То, что цвело и любило петь,

стало тем, что нельзя терпеть

без состраданья – не к их судьбе,

но к самому себе.

 

Грустно смотреть, как, сыграв отбой,

то, что было самой судьбой

призвано скрасить последний час,

меняется раньше нас.

 

То есть предметы и свойства их

одушевленнее нас самих.

Всюду сквозит одержимость тел

манией личных дел.

 

В силу того, что конец страшит,

каждая вещь на земле спешит

больше вкусить от своих ковриг,

чем позволяет миг.

 

Свет – ослепляет. И слово – лжёт.

Страсть утомляет. А горе – жжёт,

ибо страданье – примат огня

над единицей дня.

 

Лучше не верить своим глазам,

да и устам, оттого что Сам

Бог, предваряя Свой Страшный Суд,

жаждет казнить нас тут.

 

Так и рождается тот устав,

что позволяет, предметам дав

распоряжаться своей судьбой,

их заменять собой.

 

Старая птица, покинь свой куст.

Стану отныне посредством уст

петь за тебя, а за куст цвести

буду за счёт горсти.

 

Так изменились твои черты,

что будто на воду села ты,

лапки твои на вид мертвей

цепких нагих ветвей.

 

Можешь спокойно лететь во тьму.

Встану и место твоё займу.

Этот поступок осудит тот,

кто не встречал пустот.

 

Ибо, чужда четырём стенам,

жизнь, отступая, бросает нам

полые формы, и нас язвит

их нестерпимый вид.

 

Знаю, что голос мой во сто раз

хуже, чем твой, – пусть и низкий глас.

Но даже режущий ухо звук

лучше безмолвных мук.

 

Мир если гибнет, то гибнет без

грома и лязга; но также не с

робкой, прощающей грех слепой

веры в него, мольбой.

 

В пляске огня, под напором льда

подлинный мира конец – когда

песня, которая всем горчит,

выше нотой звучит.

 

Письма римскому другу

(Из Марциала)

 

*

Нынче ветрено, и волны с перехлёстом.

Скоро осень, всё изменится в округе.

Смена красок этих трогательней, Постум,

чем наряда перемена у подруги.

 

Дева тешит до известного предела –

дальше локтя не пойдёшь или колена.

Сколь же радостней прекрасное вне тела:

ни объятье невозможно, ни измена!

 

*

Посылаю тебе, Постум, эти книги

Что в столице? Мягко стелют? Спать не жёстко?
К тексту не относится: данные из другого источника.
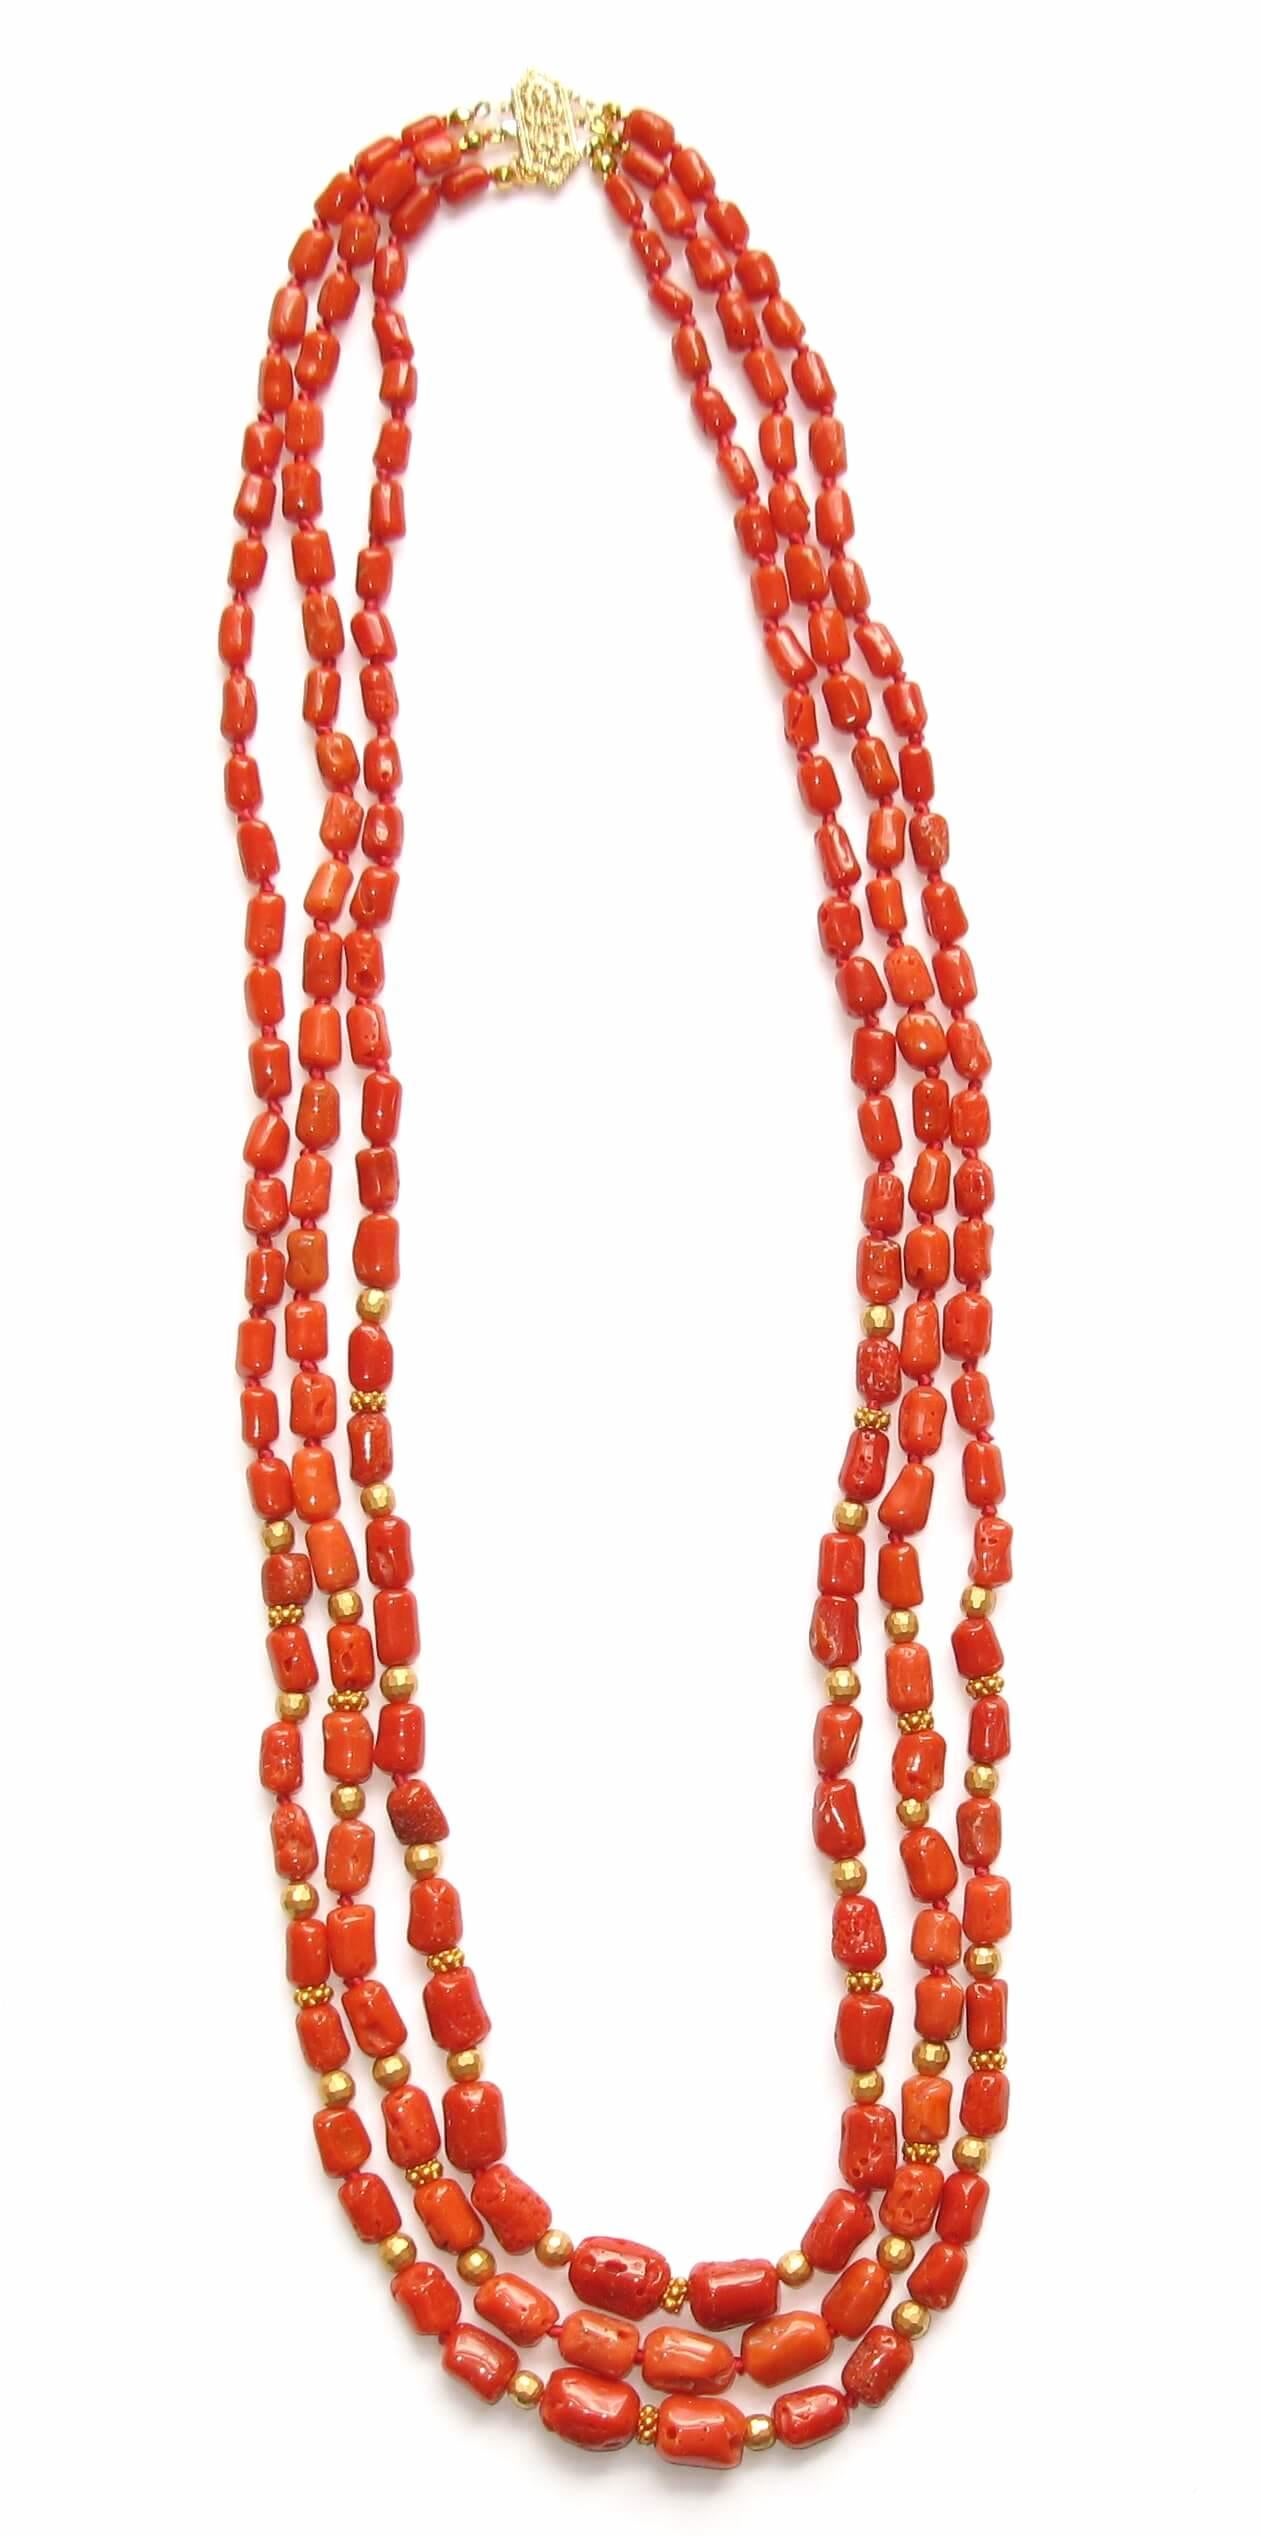 18 Karat Yellow Gold Coral Red Beaded 3 Strand Rope Necklace

A gorgeous red coral beaded necklace will rarely go overlooked. This versatile necklace looks incredible when worn alone, but you can elevate your look by pairing it with earrings. This

Как там Цезарь? Чем он занят? Всё интриги?

Всё интриги, вероятно, да обжорство.

 

Я сижу в своём саду, горит светильник.

Ни подруги, ни прислуги, ни знакомых.

Вместо слабых мира этого и сильных –

лишь согласное гуденье насекомых.

 

*

Здесь лежит купец из Азии. Толковым

был купцом он – деловит, но незаметен.

Умер быстро: лихорадка. По торговым

он делам сюда приплыл, а не за этим.

 

Рядом с ним – легионер, под грубым кварцем.

Он в сражениях Империю прославил.

Столько раз могли убить! а умер старцем.

Даже здесь не существует, Постум, правил.

 

*

Пусть и вправду, Постум, курица не птица,

но с куриными мозгами хватишь горя.

Если выпало в Империи родиться,

лучше жить в глухой провинции у моря.

 

И от Цезаря далёко, и от вьюги.

Лебезить не нужно, трусить, торопиться.

Говоришь, что все наместники – ворюги?

Но ворюга мне милей, чем кровопийца.

 

*

Этот ливень переждать с тобой, гетера,

я согласен, но давай-ка без торговли:

брать сестерций с покрывающего тела –

всё равно, что дранку требовать у кровли.

 

Протекаю, говоришь? Но где же лужа?

Чтобы лужу оставлял я, не бывало.

Вот найдёшь себе какого-нибудь мужа,

он и будет протекать на покрывало.

 

*

Вот и прожили мы больше половины.

Как сказал мне старый раб перед таверной:

«Мы, оглядываясь, видим лишь руины».

Взгляд, конечно, очень варварский, но верный.

 

Был в горах. Сейчас вожусь с большим букетом.

Разыщу большой кувшин, воды налью им...

Как там в Ливии, мой Постум, – или где там?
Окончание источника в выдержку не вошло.